While I do believe many companies are beginning to have increased optimism in economic recovery and the future direction of their business, only tenants with near term lease expirations have looked to take advantage of lower lease rates and more aggressive concession packages offered by Landlords. We have yet to see a significant number of stable companies begin to take a more long term approach and grab office space at a perceived “value”. I expect this trend to continue at least for the first two quarters of 2010 until tenants perceive that the office market has bottomed out.
In summary, 2010 will still be a great year for Houston office tenants to be in the marketplace. In Houston office buildings have fared much better than most parts of the country but even Houston Landlords are suffering from flat rental revenues and a more competitive market for stable tenants. Houston is clearly a tenant’s market, but not to the degree of other markets in major cities around the United States. The good news for Houston office building owners is this real estate recession was demand driven and in Houston’s case is not compounded by excessive over supply of office space. The $64,000 question is when will demand return and start to swing the pendulum back in the Landlord’s direction. While I don’t consider it a bold prediction, “it is not going to be 2010”.
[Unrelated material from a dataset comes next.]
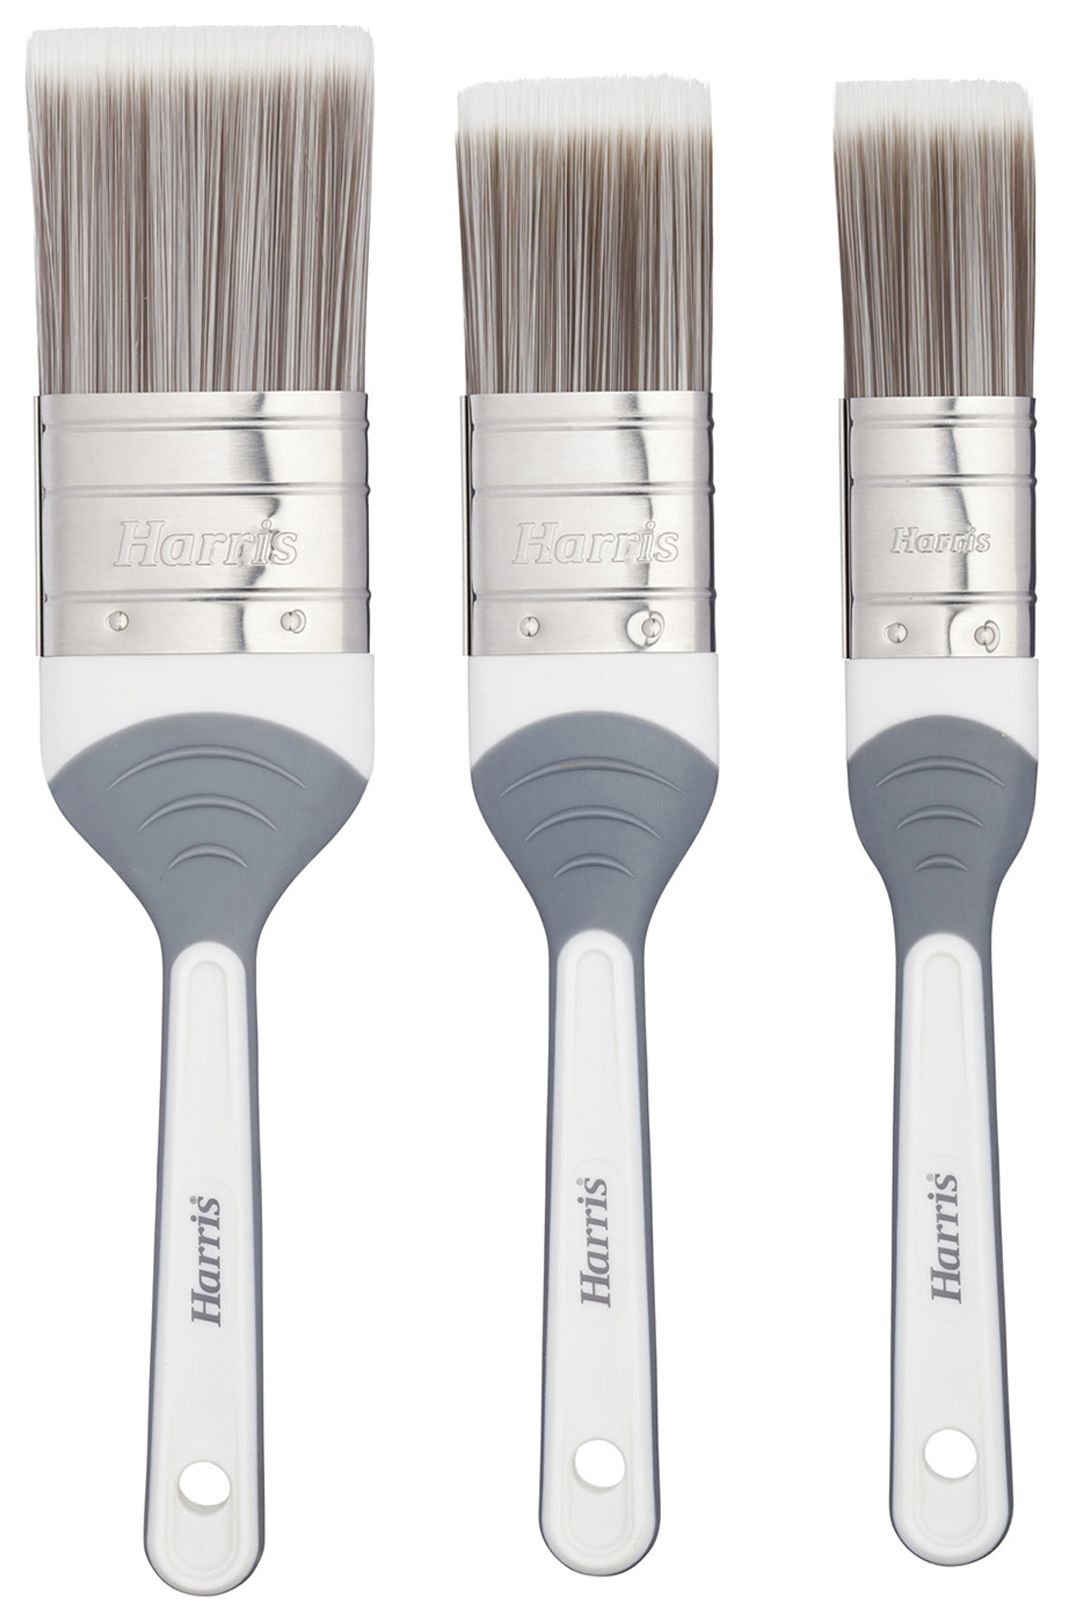 Image of Harris Seriously Good Walls & Ceiling Paint Brush Set - Pack of 3

However, it appears the office market in Houston may have bottomed out and will end the year somewhere around1.5 million square feet of negative absorption. Given the size of the Houston office market (approximately 195 million square feet), that is a significant bruise, but not the deep flesh wound that many office markets around the country have experienced. I expect more downward pressure on rental rates at least through the first half of 2010 and that landlords will continue to offer aggressive concession packages to attract and retain tenants.
The important point here is that 2010 is probably the time frame for Houston tenant’s to take advantage of attractive deals. While everyone seems to be predicting a slow economic recovery, as soon as we experience any significant and sustainable job growth in Houston, those attractive lease deals will begin to disappear very quickly. The fundamentals are in place for the Houston office market to have a fairly quick recovery once it actually begins.